1≦A≦100 1≦B≦100 0≦C<B
A, B, C = 7,5,1 Answer: YES For example, if you select 7,14, the total sum will be 21, and if you divide this by 5, you will get 1.
I think it is a typical example of judgment by flag management. The problem statement says "to find the sum of the sum divided by B", but since it means dividing the sum of multiples of A, that is, dividing the multiple of A by B gives the remainder. Therefore, since the maximum amount of calculation is 100 * 100, the entire search is straightforward.

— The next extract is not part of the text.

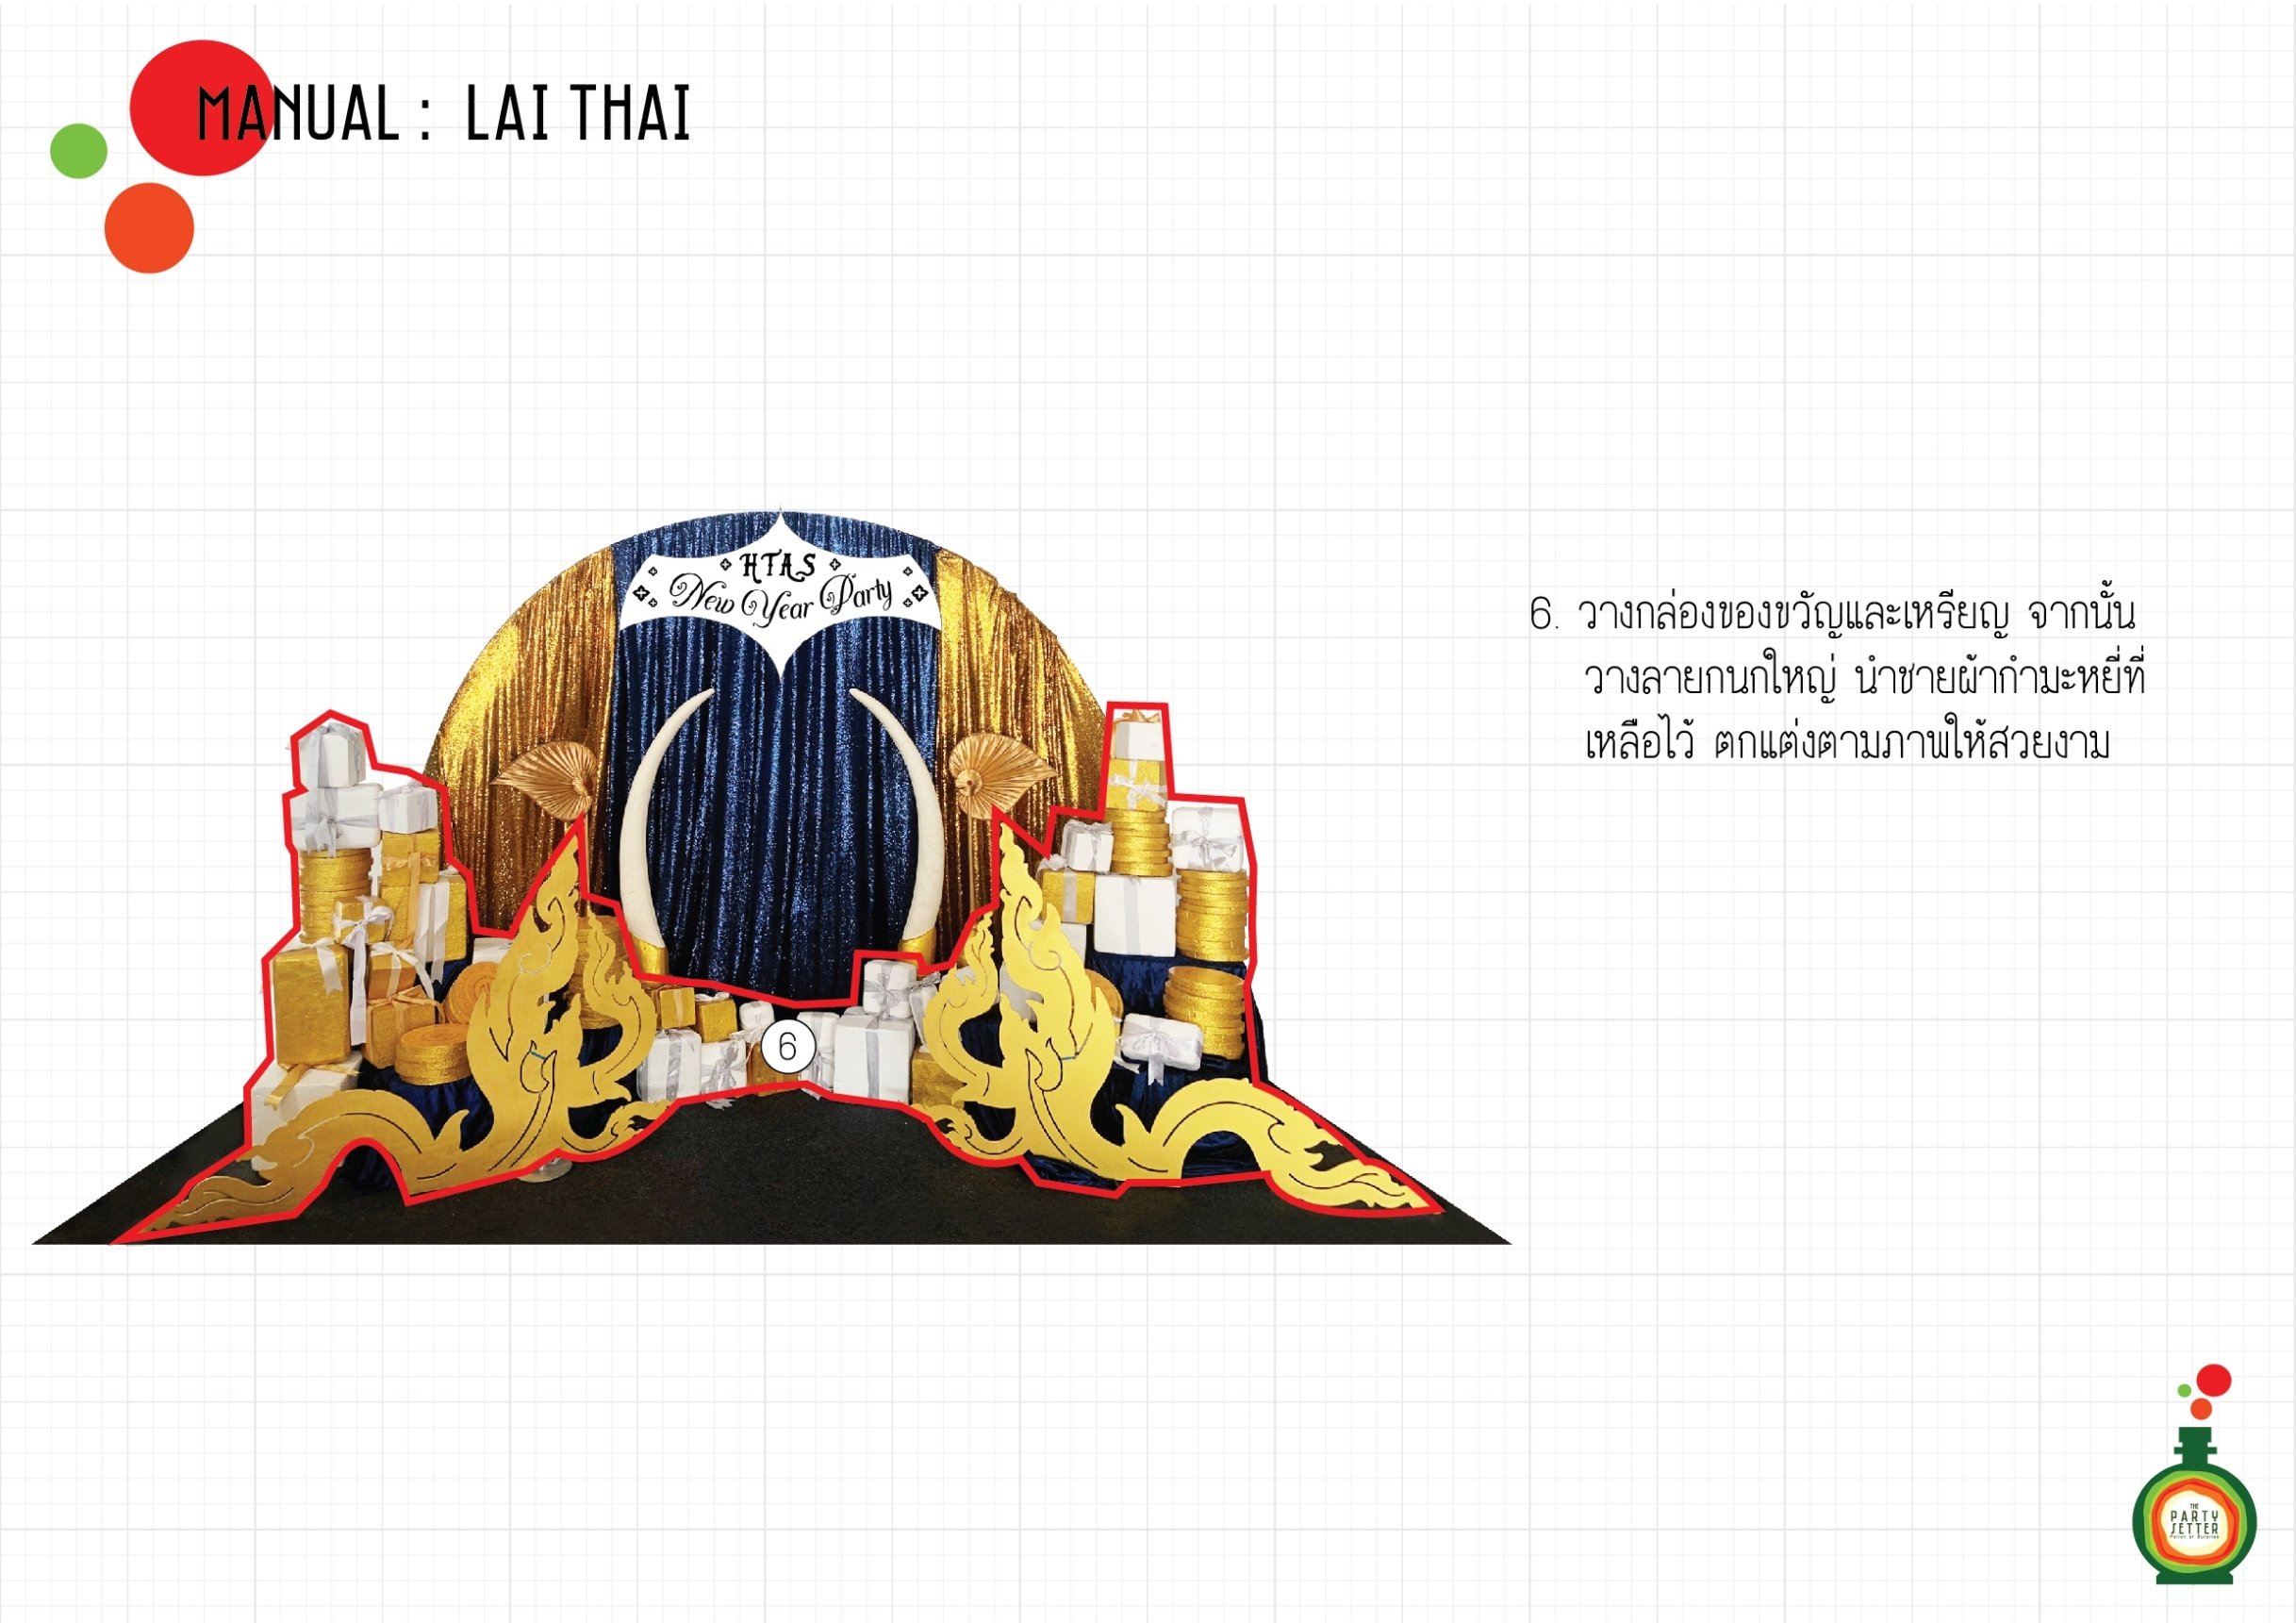 Manual_Lai Thai_06-01.jpg

a, b, c = map(int, input().split())
ans = 'NO' #Hold the initial value of the judgment flag as NO
for i in range(101): #I want to multiply the maximum input value of 100 by a multiple, so 100+1
if a*i % b == c: #Implement problem statement judgment with if
ans = 'YES' #If the judgment of the if statement becomes True, change the answer to YES
print(ans) #Output YES if the if statement judgment is True
exit() #Since it is sufficient to output any one, stop with judgment True
print(ans) #If the judgment of the if statement is False, NO is output with the initial value.
Set an index in the previous code to determine the location. This time, the purpose is to know the multiple of input A. The result is # YES 3.
a, b, c = map(int, input().split())
ans = 'NO'
idx = 0 #The initial value is 0 to know the multiple
for i in range(101):
if a*i % b == c:
ans = 'YES'
idx = i #Holds a multiple that makes the judgment of the if statement True
print(ans, idx) #If the judgment of the if statement becomes True, YES and a multiple are output.
exit()
print(ans, idx) #If the judgment of the if statement is False, NO and 0 are output with the initial values.
It is also possible to know the position using enumerate. In this case, we need to give an iterable object, so we created the list in advance. The result is also # YES 3.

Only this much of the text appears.